Not directly, but that is the idea. This class exists to abstract the access to the databags from basic plugins. The plugin should be "dumb", i.e. just v basic dataclasses. This class provides the plugins with any relation info.

zmraul · 2024-12-02T10:31:09Z

lib/charms/opensearch/v0/opensearch_plugins.py

@@ -452,66 +503,141 @@ def name(self) -> str:
        return "opensearch-knn"


+class OpenSearchPluginBackupDataProvider(OpenSearchPluginDataProvider):


nit: I would personally remove most of the OpenSearch prefix on these classes, since they are somewhat redundant and create noise when parsing or searching the file.

lib/charms/opensearch/v0/opensearch_keystore.py

zmraul · 2024-12-02T22:49:33Z

lib/charms/opensearch/v0/opensearch_backups.py

+        for event in [
+            charm.on[PeerClusterRelationName].relation_joined,
+            charm.on[PeerClusterRelationName].relation_changed,
+            charm.on[PeerClusterRelationName].relation_departed,


question Is relation_departed needed?

Yes. Reason: if you have s3 keys in the opensearch-keystore but you do not have backup configured, then the application breaks. Therefore, we need to know when the relation is gone.

zmraul · 2024-12-03T08:18:02Z

lib/charms/opensearch/v0/opensearch_backups.py

-        except OpenSearchHttpError as e:
-            return e.response_body if e.response_body else None
-        return result if isinstance(result, dict) else None
-
    def _is_restore_in_progress(self) -> bool:


nit: should this one be public as well? same as is_backup_in_progress

zmraul · 2024-12-03T08:25:04Z

lib/charms/opensearch/v0/opensearch_backups.py

    elif charm.opensearch_peer_cm.deployment_desc().typ == DeploymentType.MAIN_ORCHESTRATOR:
+        # Using the deployment_desc() method instead of is_provider()
+        # In both cases: (1) small deployments or (2) large deployments where this cluster is the
+        # main orchestrator, we want to instantiate the OpenSearchBackup class.
        return OpenSearchBackup(charm)


question: shouldn't this one also return OpenSearchBackup when type is DeploymentType.FAILOVER_ORCHESTRATOR?

zmraul · 2024-12-03T09:12:16Z

lib/charms/opensearch/v0/opensearch_plugins.py

            raise OpenSearchPluginMissingConfigError(
-                "Plugin {} missing: {}".format(
+                "Plugin {} missing credentials".format(


This message is not informative enough.
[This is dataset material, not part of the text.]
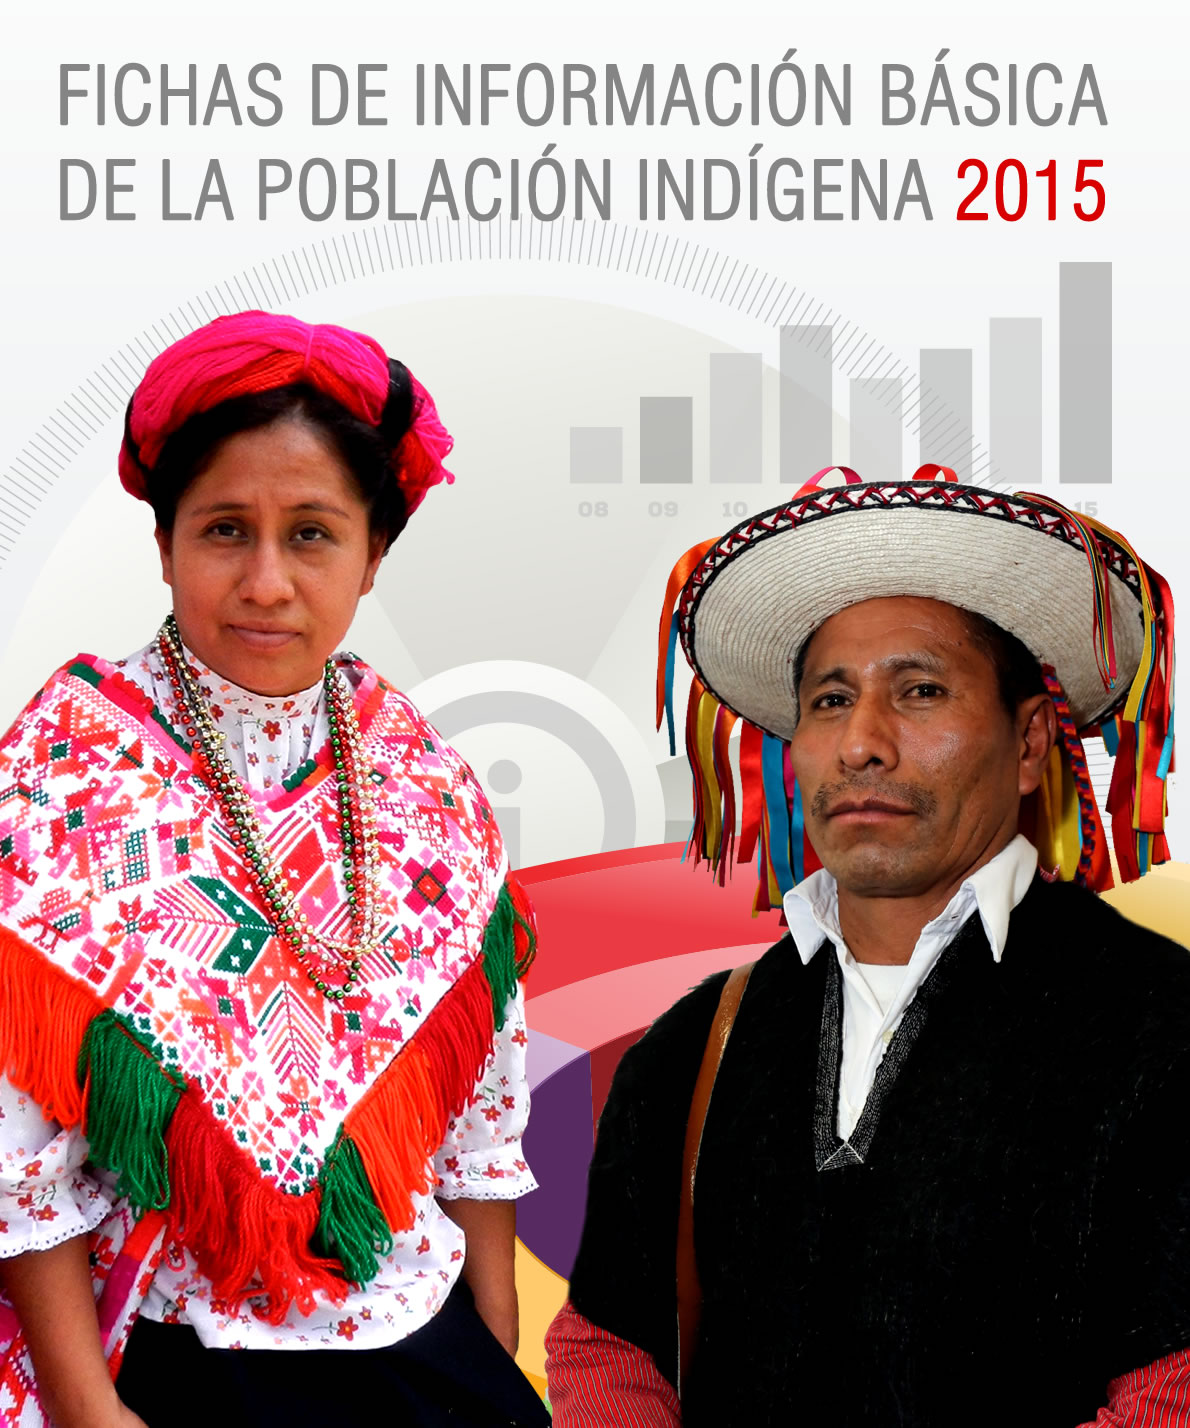 Fichas de Información Básica de la Población Indígena, 2015.
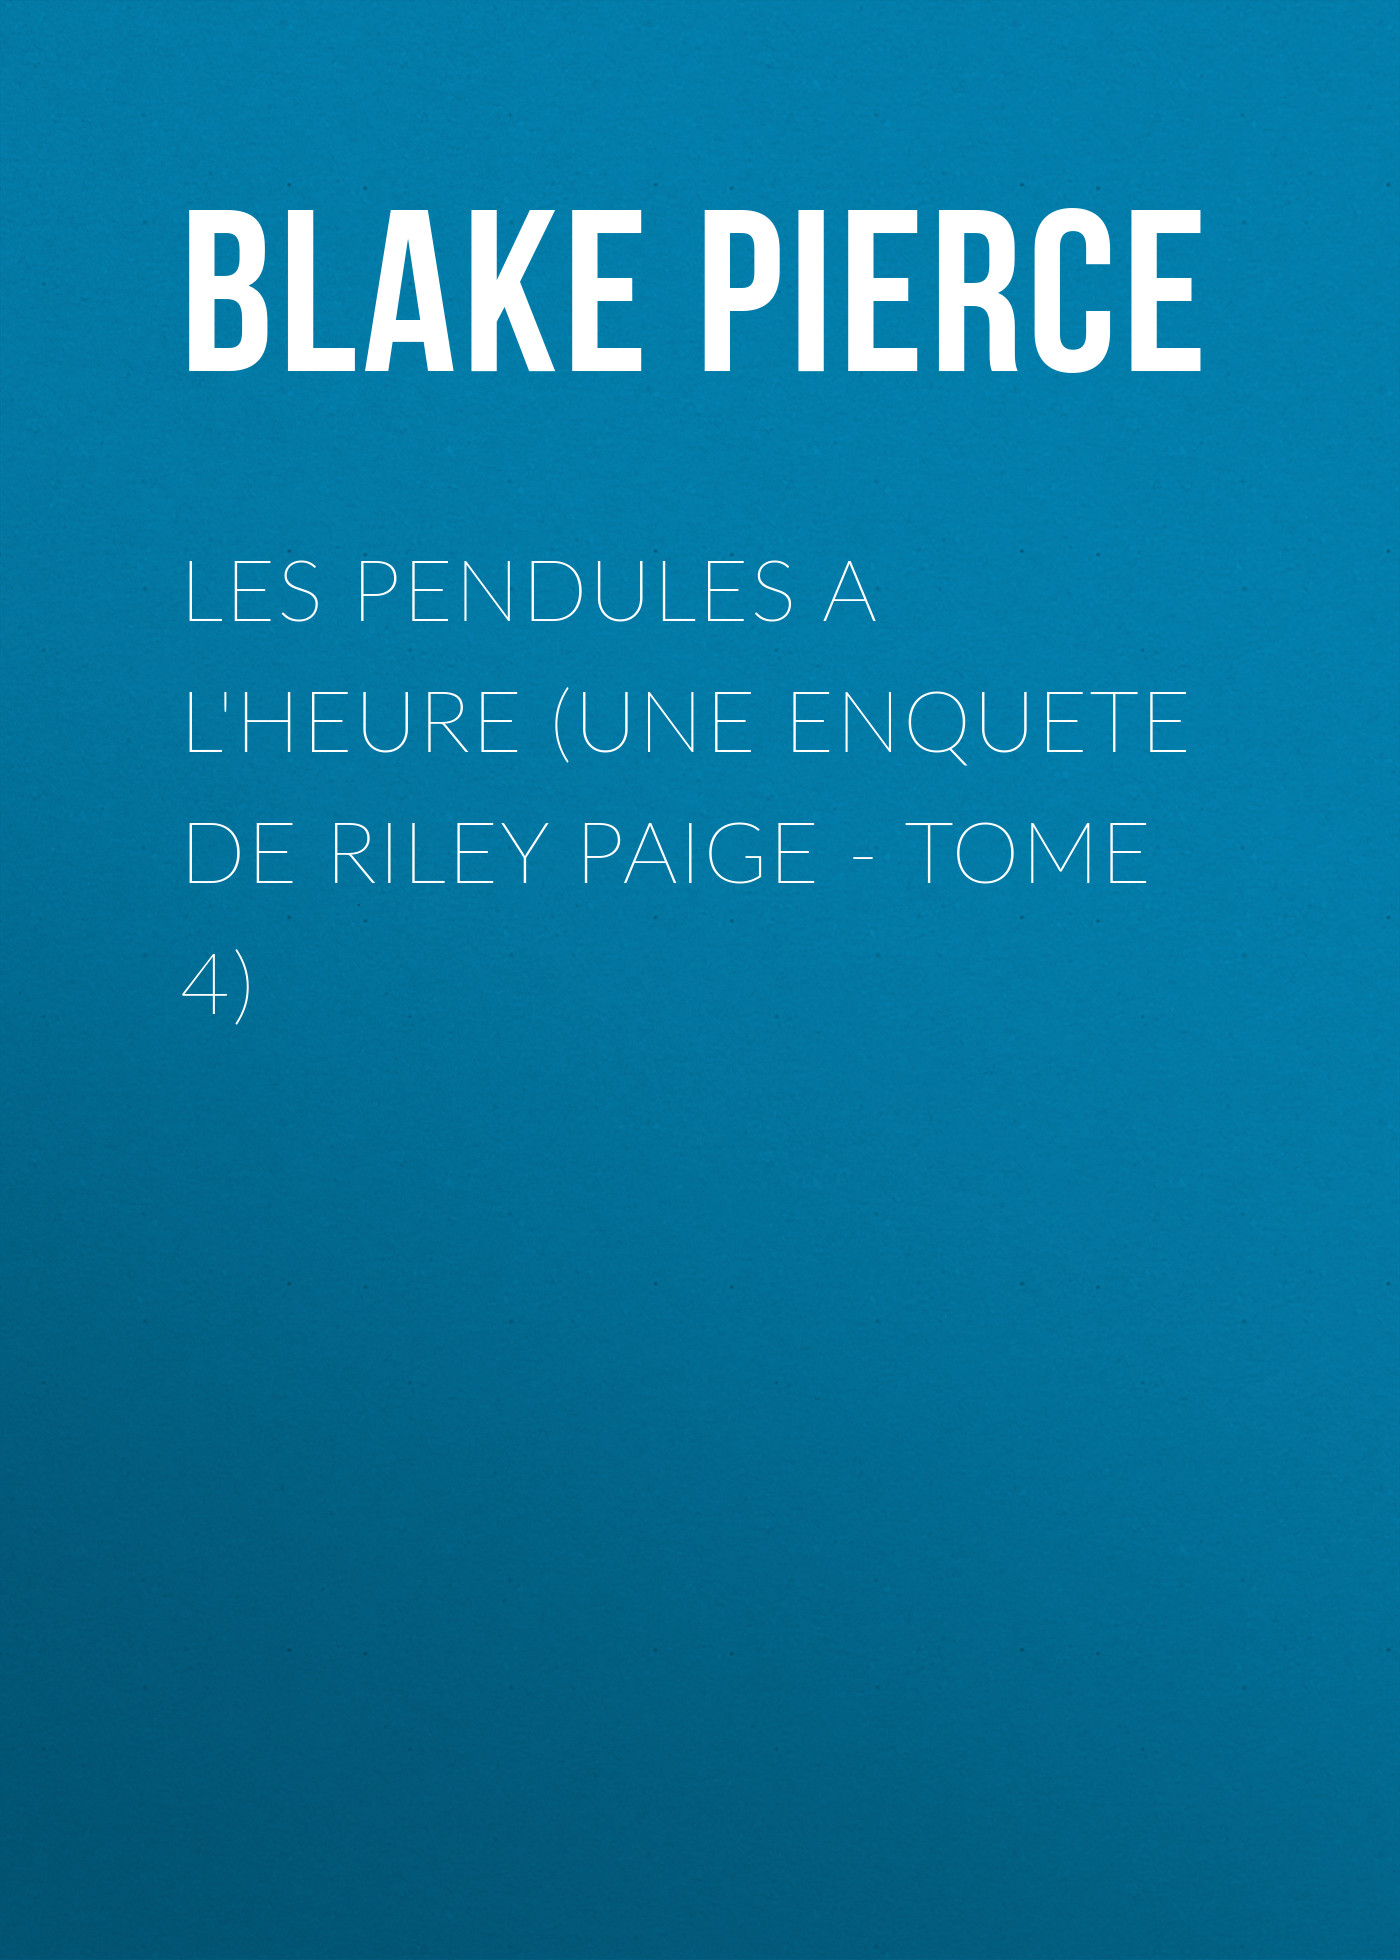 Скачать Les Pendules a l'heure (Une Enquete de Riley Paige - Tome 4) - Blake Pierce

When integrating with s3, you can have both access_key and secret_key set on s3 integrator and still getting this message. After setting those, and adding eg bucket you get the more informative message from below that shows the missing fields.

zmraul · 2024-12-03T09:17:03Z

lib/charms/opensearch/v0/opensearch_plugin_manager.py

-            and self._charm.health.get()
-            in [HealthColors.GREEN, HealthColors.YELLOW, HealthColors.IGNORE]
-        )
+    def is_ready_for_api(self) -> bool:


More of a design opinion here, but these checks should probably be centralized at some point. They are invoked from outside this file, which means that it is a relevant check for other components.

@zmraul can you give more precise references? AFAIU other places are asking if the opensearch is healthy, I am asking if it is responsive.

zmraul · 2024-12-03T09:25:30Z

lib/charms/opensearch/v0/opensearch_plugin_manager.py

        except OpenSearchCmdError as e:
            if "not found" in str(e):
                logger.info(f"Plugin {plugin.name} to be deleted, not found. Continuing...")
                return False
            raise OpenSearchPluginRemoveError(plugin.name)
        return True

+    def _clean_cache_if_needed(self):


nit: Not sure why this is needed. Clearing the cache on self.plugins will lead to ConfigExposedPlugins being read again, which is static, so no benefit to clearing. self.plugins is being used as a read_only property as far as I can see.

For _installed_plugins I would make that a @property instead, and just evaluate every time.

zmraul · 2024-12-03T09:41:02Z

lib/charms/opensearch/v0/opensearch_plugin_manager.py


    def run(self) -> bool:
        """Runs a check on each plugin: install, execute config changes or remove.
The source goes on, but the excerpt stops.